Медицинская этика и деонтология

Этические аспекты поведения медиков при ведении умирающих.

Мораль и право в деятельности современного российского медицинского работника.

Биоэтические проблемы современных гинекологии и акушерства.

Биоэтические проблемы донорства и трансплантологии.

Биоэтические проблемы медицинских инноваций в системе медицинского образования.

Дополнительная литература:

Козлова О.В., Пилецкий С.Г. Биомедицинская этика./ М. – 2001.

Кузнецов В.Г. и др. Нравственные ценности./ М. – 1999.

Силуянова И.В. Биоэтика в России: ценности и закон./ М. – 2001.

Философия: Учебное пособие для студентов./ М. – 1997.

Юдин Б.Г. Биоэтика: принципы, правила, проблемы./М. – 1998.

23

ФИЛОСОФИЯ СМЕХА (ЭЛЕКТИВНАЯ ТЕМА)

Основной тезис: Смех, как одно из специфических проявлений человеческой сущности, играет типичную роль социокультурного фактора, формирующего в сообществе и у личности навык соблюдения меры непосредственно-опосредованного отношения к действительности.

Обоснование:

ПЛАН:

Понятие смеха и комическое. Смех и трагедия.

Смех и радость.

Смех и непонимание. Смех на Руси.

Антитеза смеха. Смех и зло.

Смех как социокультурный способ адаптации личности к культуре и механизм повышения психологической устойчивости к социальным изменениям.

1. Понятие смеха и комическое. Смех и трагедия. Боэций и Ноткер, как принято говорить, «вслед за Аристотелем», назвали разумность, смертность и способность к смеху главнейшими признаками человека, создав, таким образом, дефиницию, вполне созвучную и современному пониманию человеческой сути. Определение «Animal ridens» - «смеющееся животное» не менее точно определяет сущность человека, нежели Homo sapiens. Й.Хейзинга104, отметивший это обстоятельство, безусловно, прав, потому что если интеллектуально развитые животные (например, хищники) все-таки существуют, то уж «смеющихся» животных в природе не найти.

Что такое «смех» при этом интуитивно ясно каждому человеку, но каждому также не вполне понятна сущность и механизмы этого социокультурного феномена. «Смех» невозможно объяснить через знание (познание); смысл любой шутки и суть смешного теряются при объяснении: « - Итак, Вас обвиняют в шарлатанстве. Вы продавали своим клиентам эликсир молодости. Вы уже осуждались?

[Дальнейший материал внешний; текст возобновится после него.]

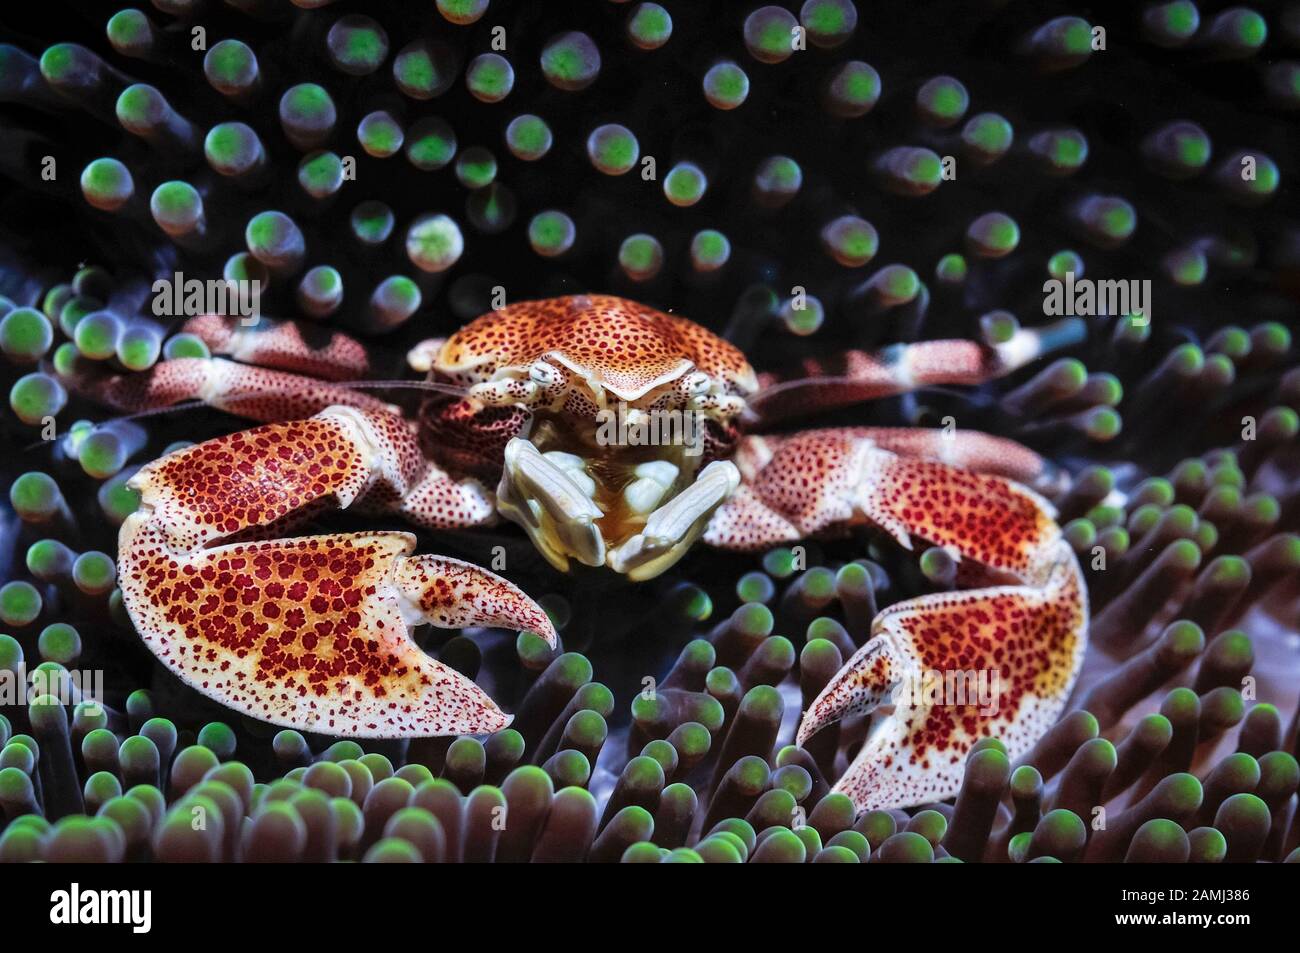 red-spotted porcelain crab, Neopetrolisthes oshimai, Komodo National Park, Indonesia, Flores Sea, Indian Ocean Stock Photo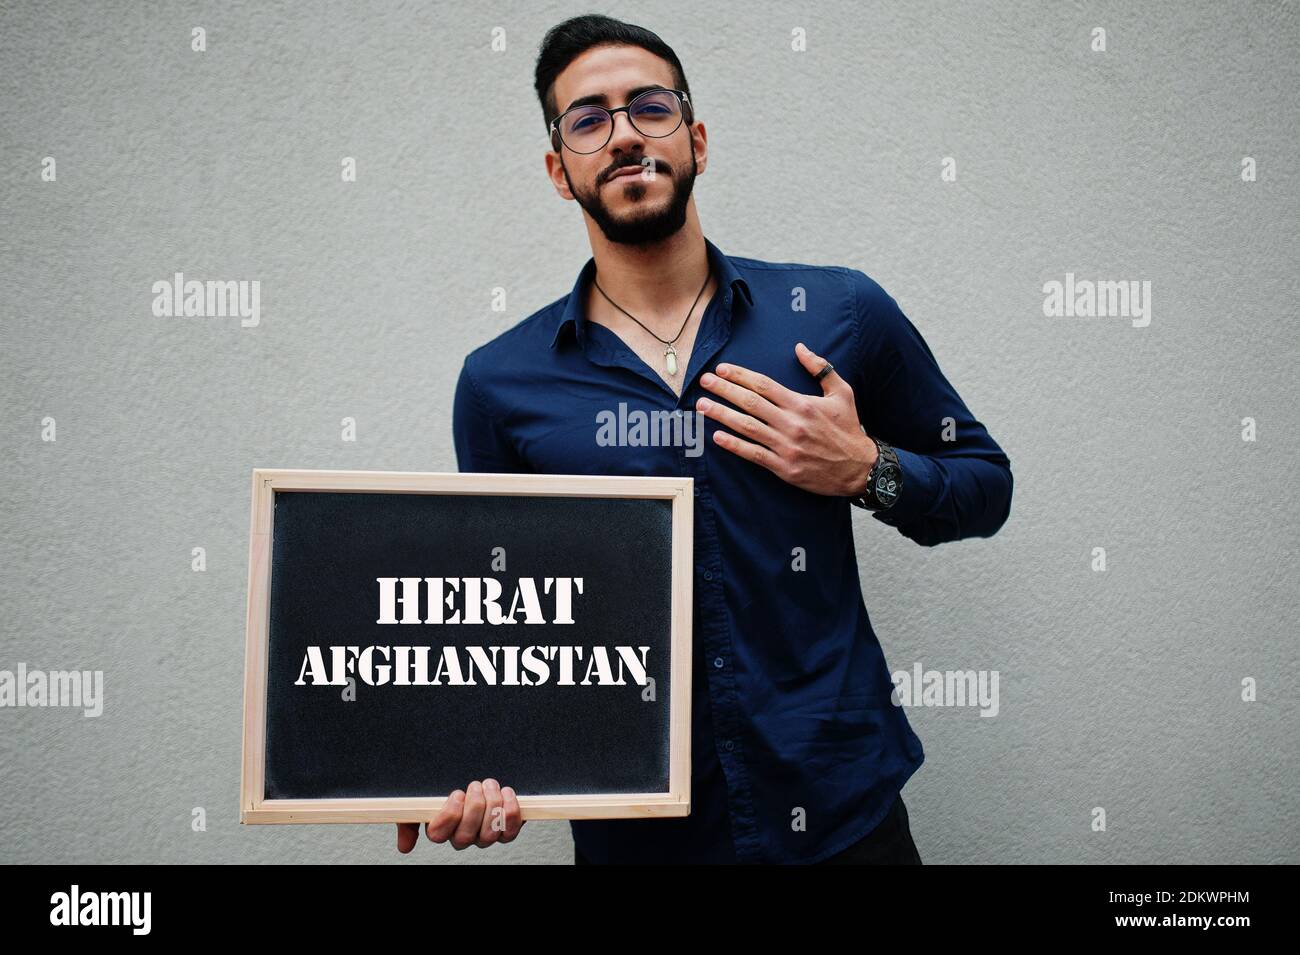 Arab man wear blue shirt and eyeglasses hold board with Herat Afghanistan inscription. Largest cities in islamic world concept. Stock Photo

- Да, в 1650, 1730 и 1890 годах».

Феномен смешного возникает только в процессе акта мгновенного понимания, узнавания некоторого несоответствия в очевидном, обычном, привычном. Но без знания и развитого «чувства юмора» акт понимания несоответствия в очевидном вызывает скорее раздражение, нежели смех.

Физиологически смех очень похож на проявление любых сильных эмоций, характерное для всех высших животных - страх, ярость, агрессию или вожделение. Но смех не похож на них содержательно и, судя по всему, обусловлен не физиологическими (биологическими), а социокультурными факторами. Для того чтобы на некоторое событие у человека возникла смеховая реакция, необходимо, чтобы он сумел мысленно (но неосознаваемым для себя образом) осуществлять акт противопоставления знаемого - неочевидному. (Смеховая ситуация для двухлетнего ребенка: «Собака говорит: «Мяу!», а кошка - «Гав!»»).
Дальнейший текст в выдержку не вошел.